Over at Atlas Shrugs, Pamela Geller directs us to an article which she describes as a “thoughtful and stunning indictment of the latest tribulation in our legal battle against the de facto sharia ban on Robert Spencer and me in the UK”. The article, entitled “The end of free speech in Britain”, reveals the welcome news that last week a British court rejected Geller and Spencer’s appeal against the home secretary’s decision last June to ban them from entering the UK.

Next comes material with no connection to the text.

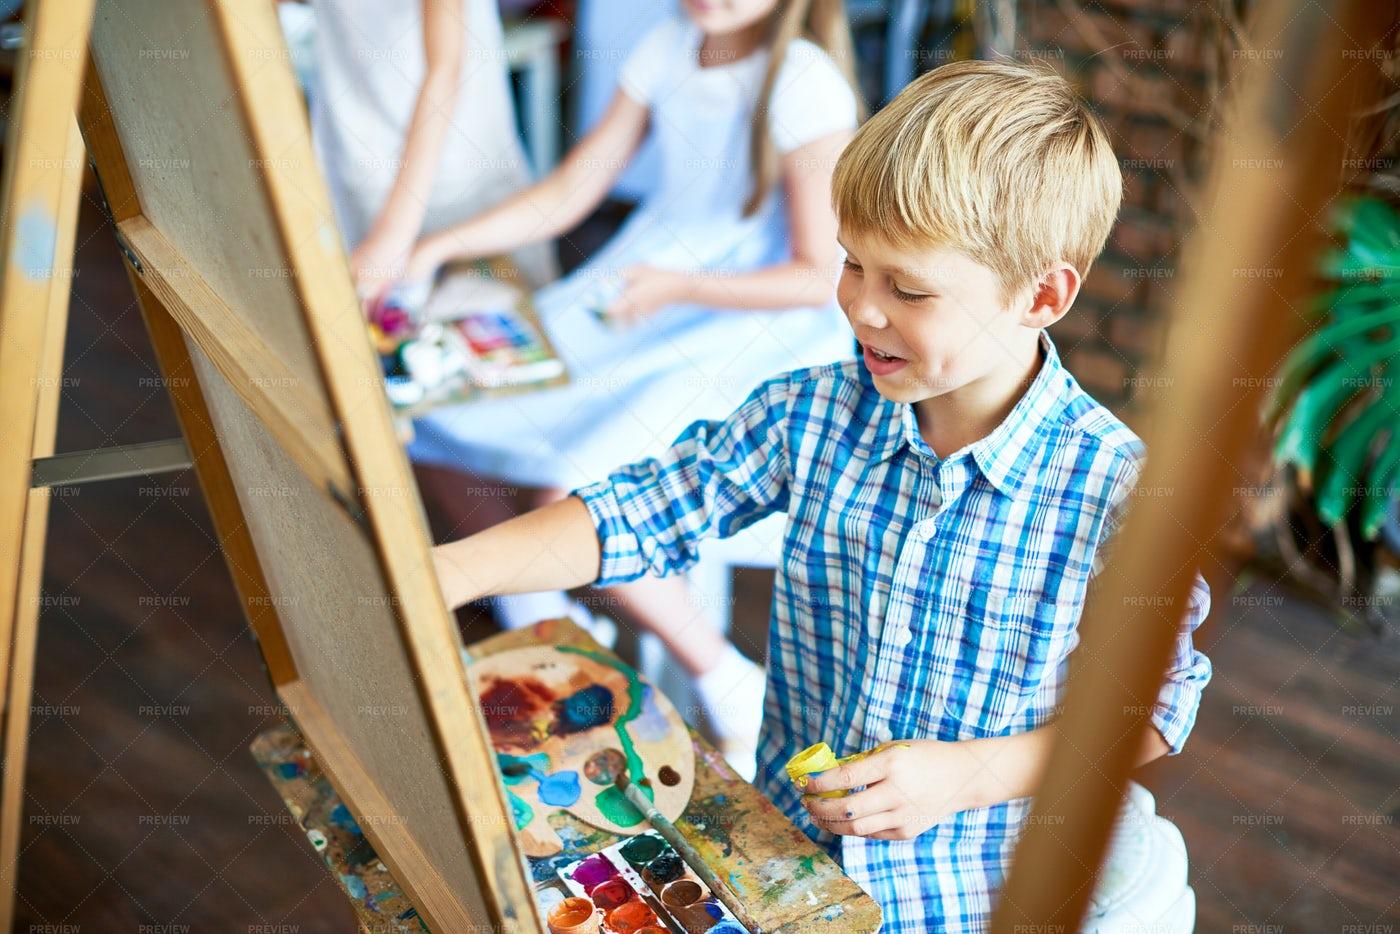 Little Boy Enjoying Art Class: Stock Photos

The name of the author, Abhijit Pandya – described by Geller as “one of our British solicitors” – may be familiar. That’s because Pandya has established his own reputation for frothing-at-the-mouth Islamophobia. Back in 2011, when he stood as the UK Independence Party candidate in the Leicester South parliamentary by-election, Pandya wrote a blog post in which he described Islam as “morally flawed and degenerate” and declared his agreement with Geert Wilders’ view of the faith as a “retarded ideology”. He added: “Islamic culture inherently rejects the Western way of life, more specifically the Protestant work ethic that has successfully built the economies of the West.”
The local paper, the Leicester Mercury, published an editorial condemning Pandya’s blog post as “a wildly inflammatory rant which boiled down to a crass and nasty characterisation of Muslims as lazy, intolerant spongers who are a threat to the British way of life. It was not part of a reasoned debate about multiculturalism, but a series of sweeping, unsubstantiated generalisations which demonise the Muslim community.”
So, clearly, Pandya was an entirely appropriate individual to act as Geller and Spencer’s legal representative in the UK.